▶ **What you have to do**: If pictures are present, leave them out, and copy the data word for word.
##### Material provided #####
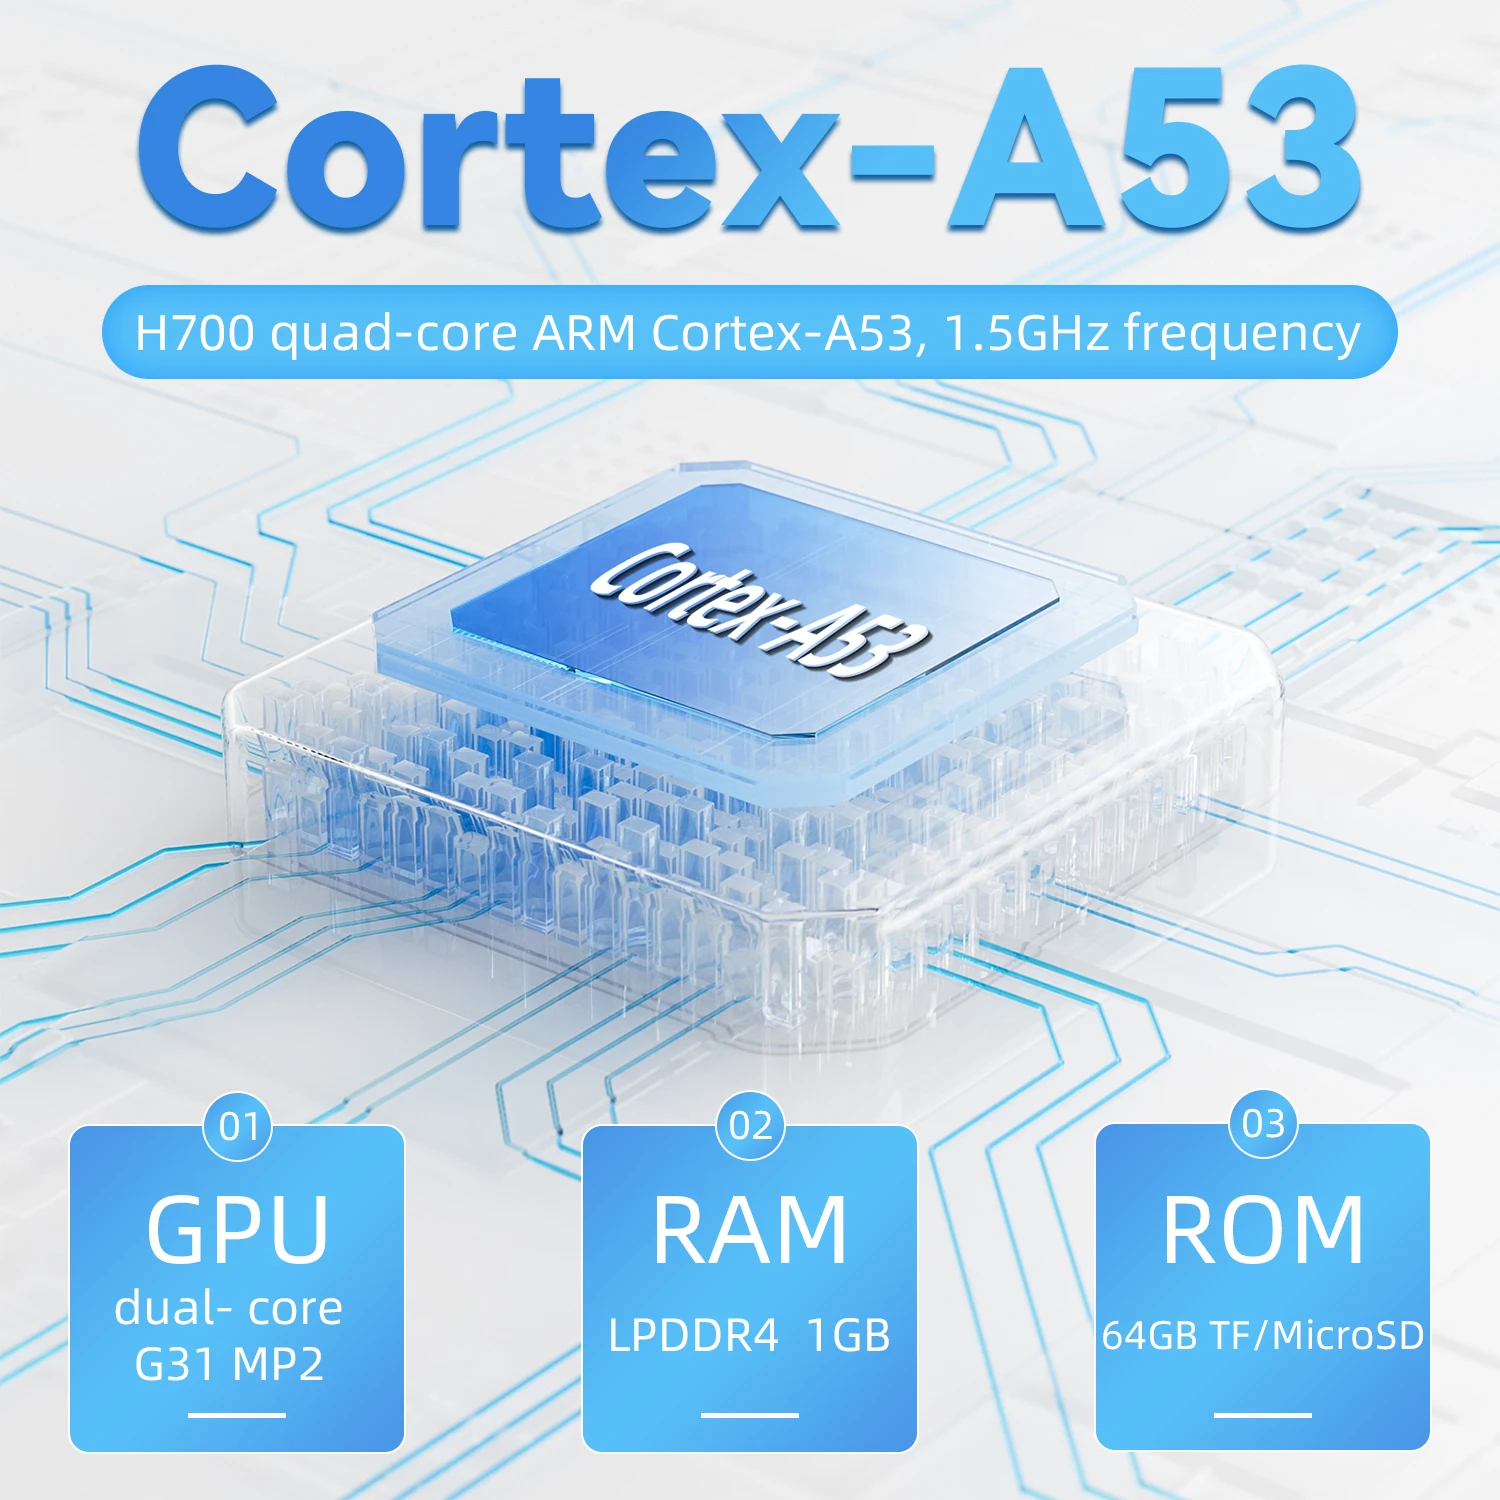 Anbernic-consola de juegos portátil RG35XX PLUS, pantalla IPS de 3,5 pulgadas, salida HDMI, Streaming, Retro, portátil, reproductor de videojuegos, regalos
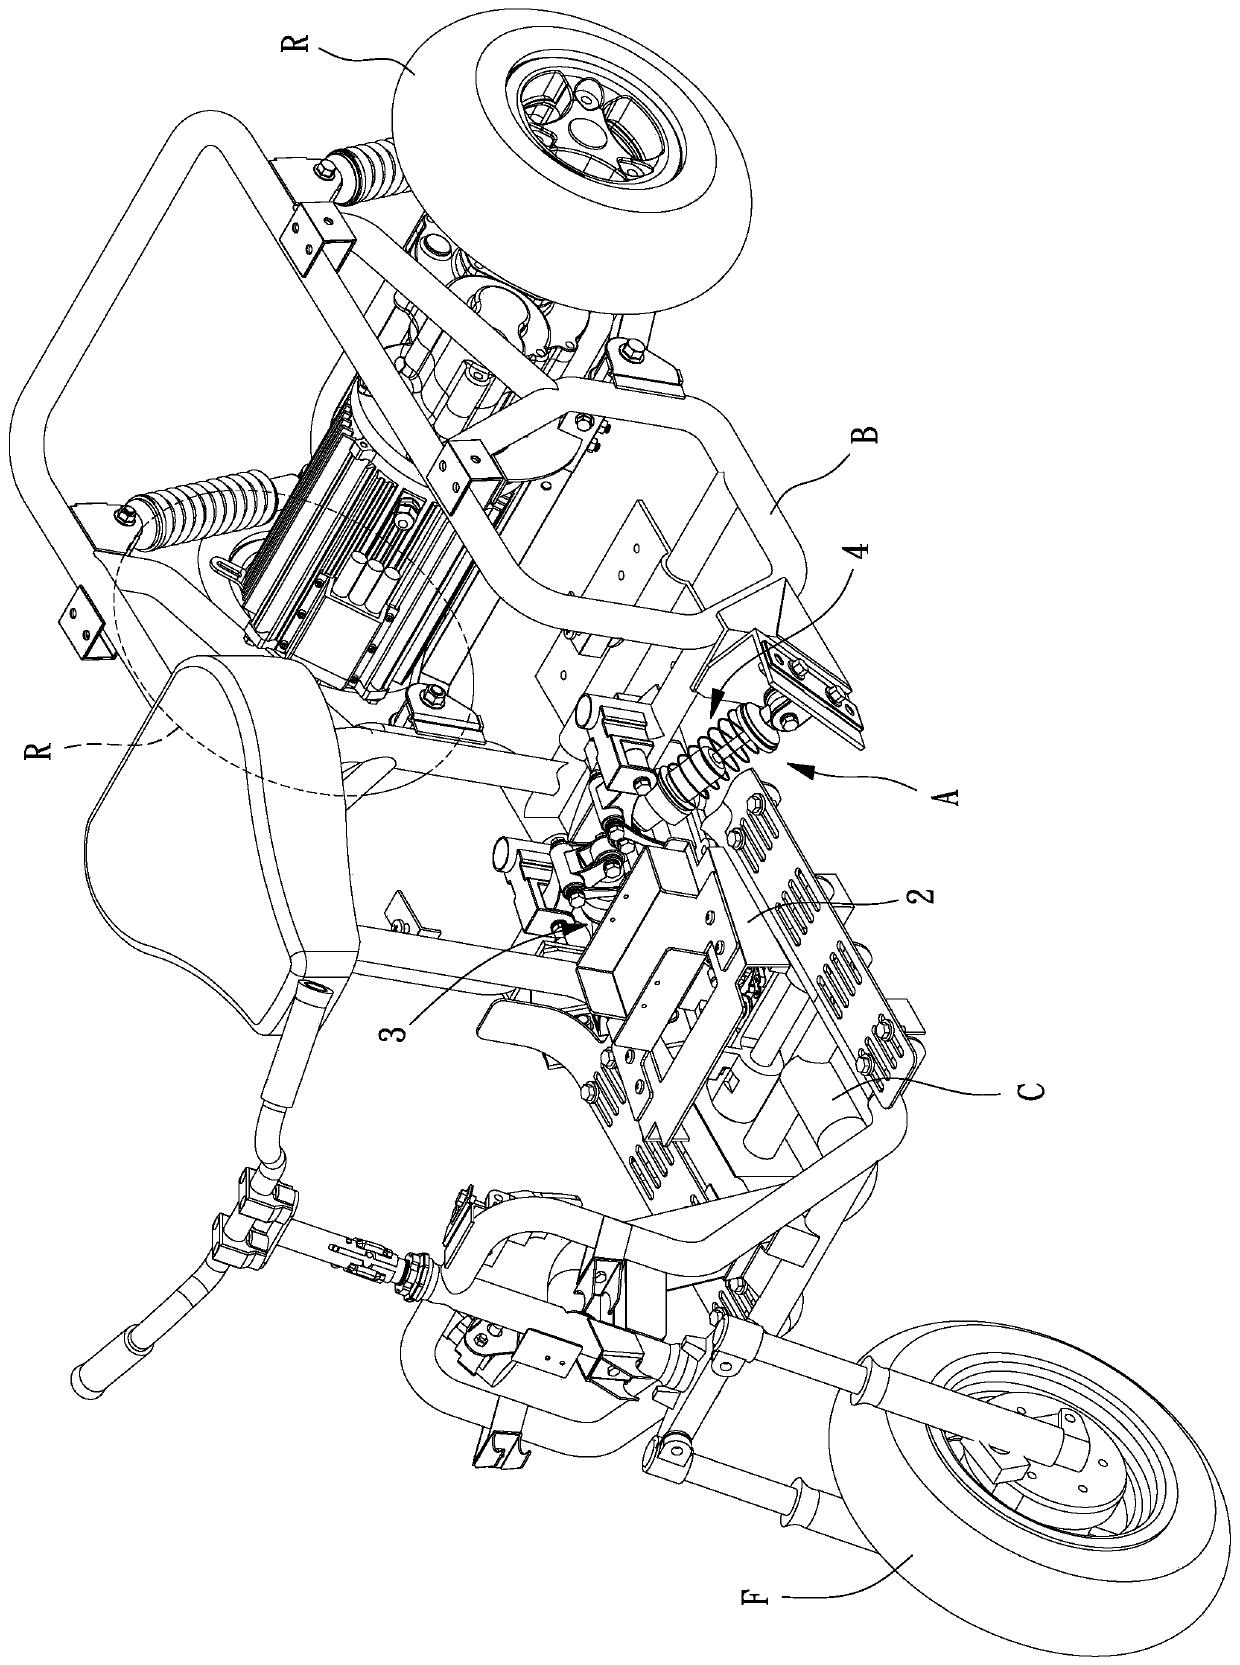 Multi-link vehicle tilt back mechanism
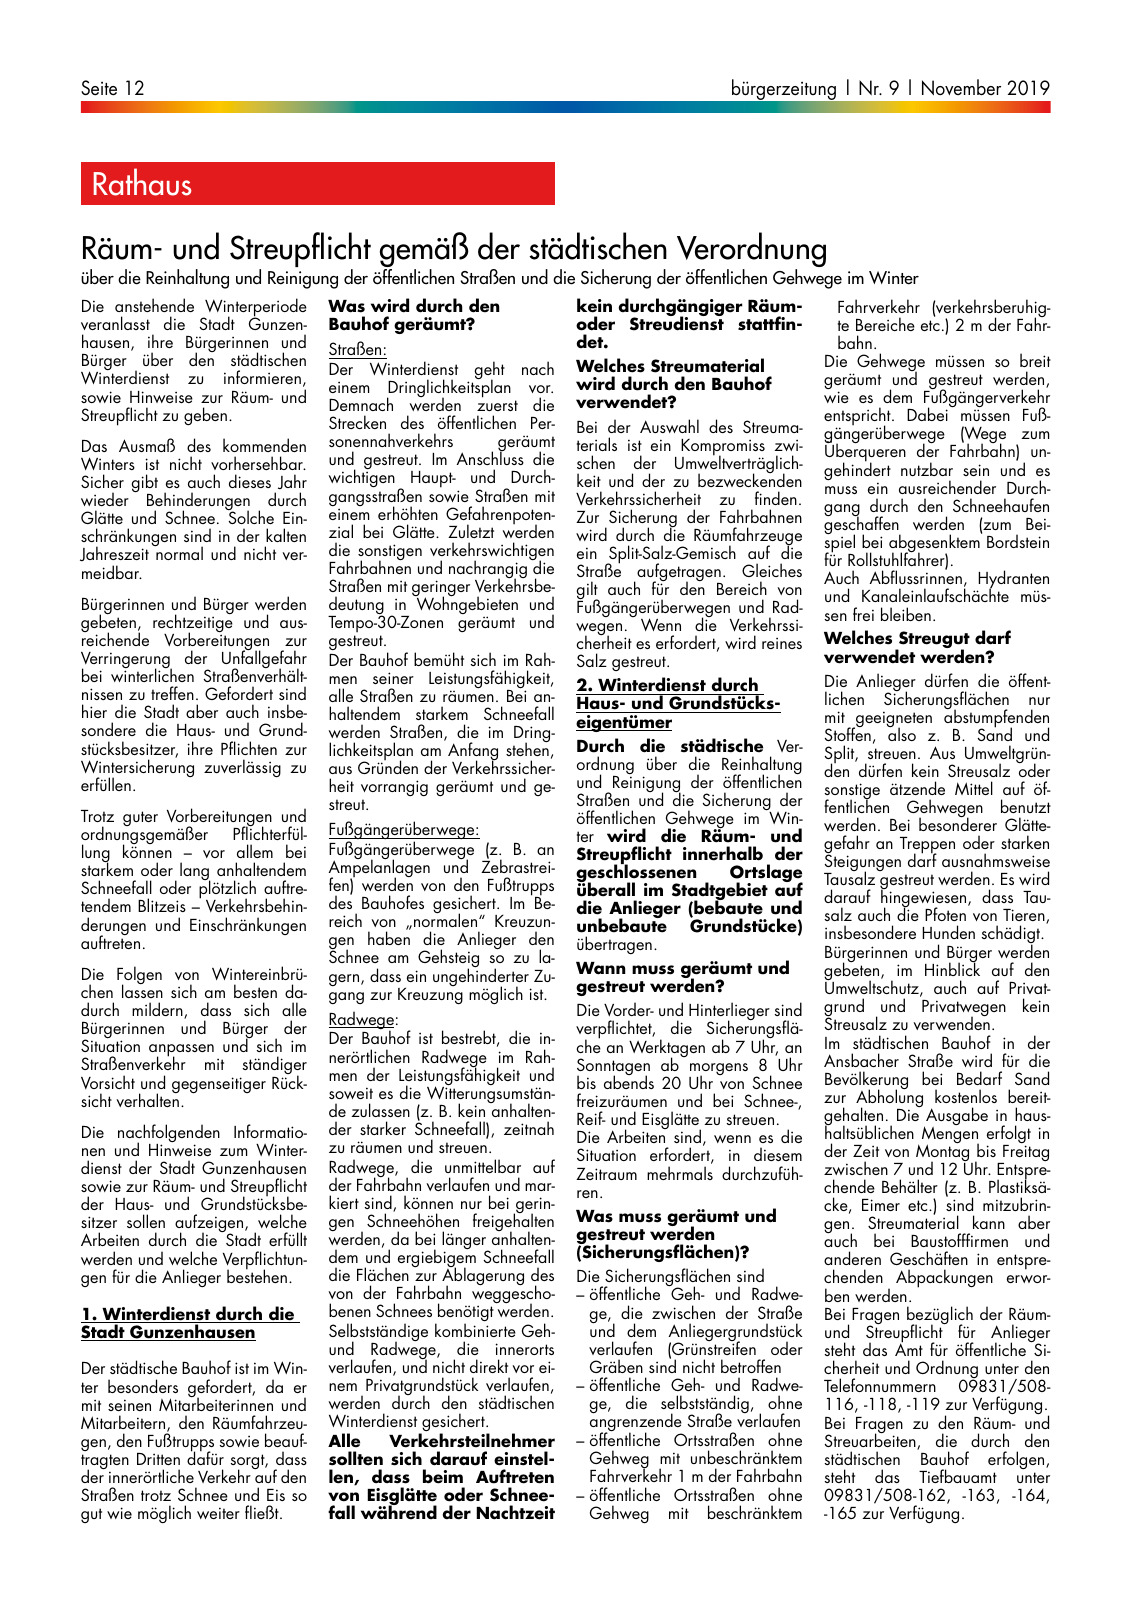 Vorschau buergerzeitung_11_2019 Seite 12
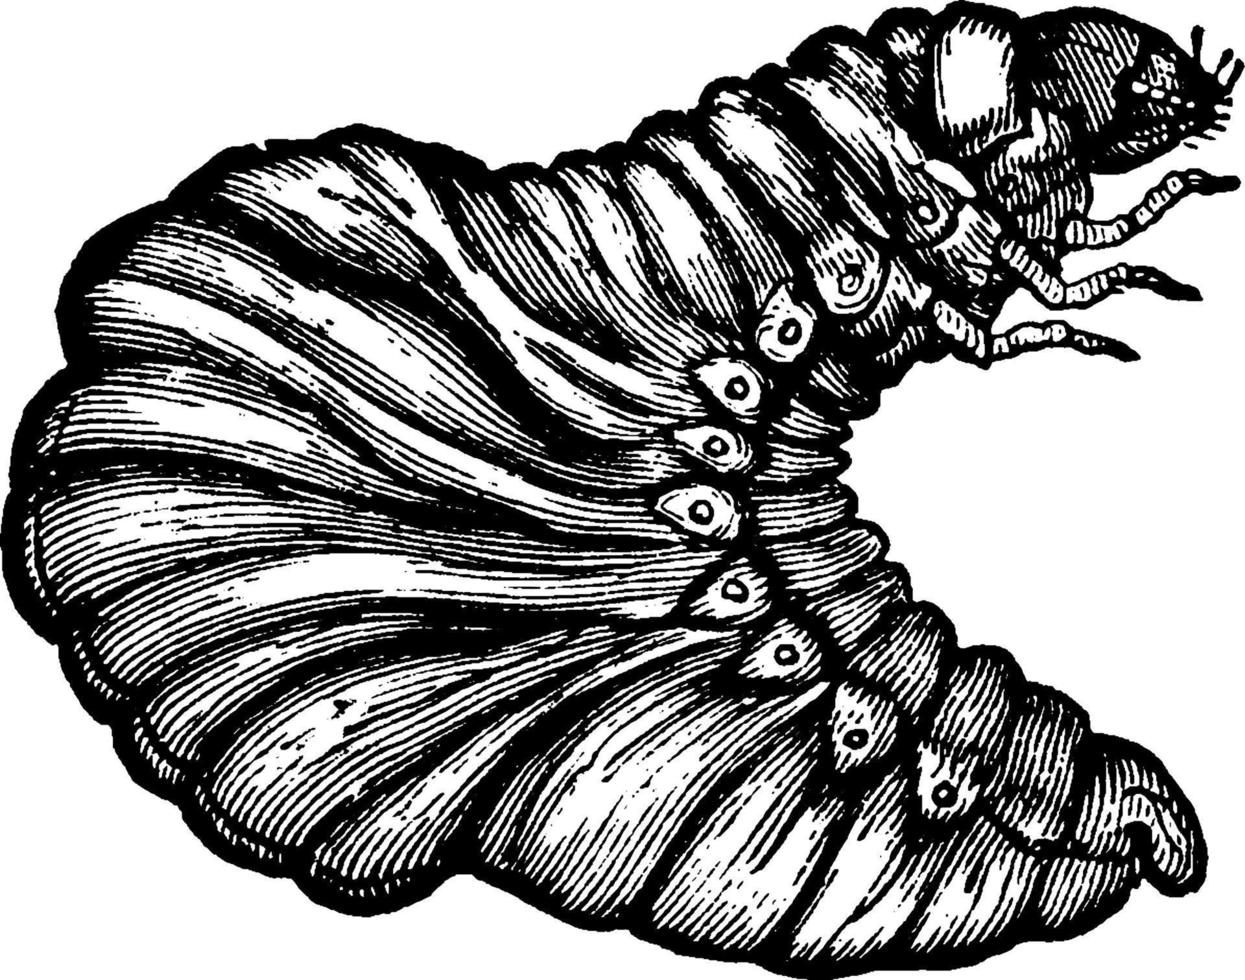 Tumblebug, vintage illustration. vector
#####
▶ **Response area**:
 Anbernic-consola de juegos portátil RG35XX PLUS, pantalla IPS de 3,5 pulgadas, salida HDMI, Streaming, Retro, portátil, reproductor de videojuegos, regalos
 Multi-link vehicle tilt back mechanism
 Vorschau buergerzeitung_11_2019 Seite 12
 Tumblebug, vintage illustration. vector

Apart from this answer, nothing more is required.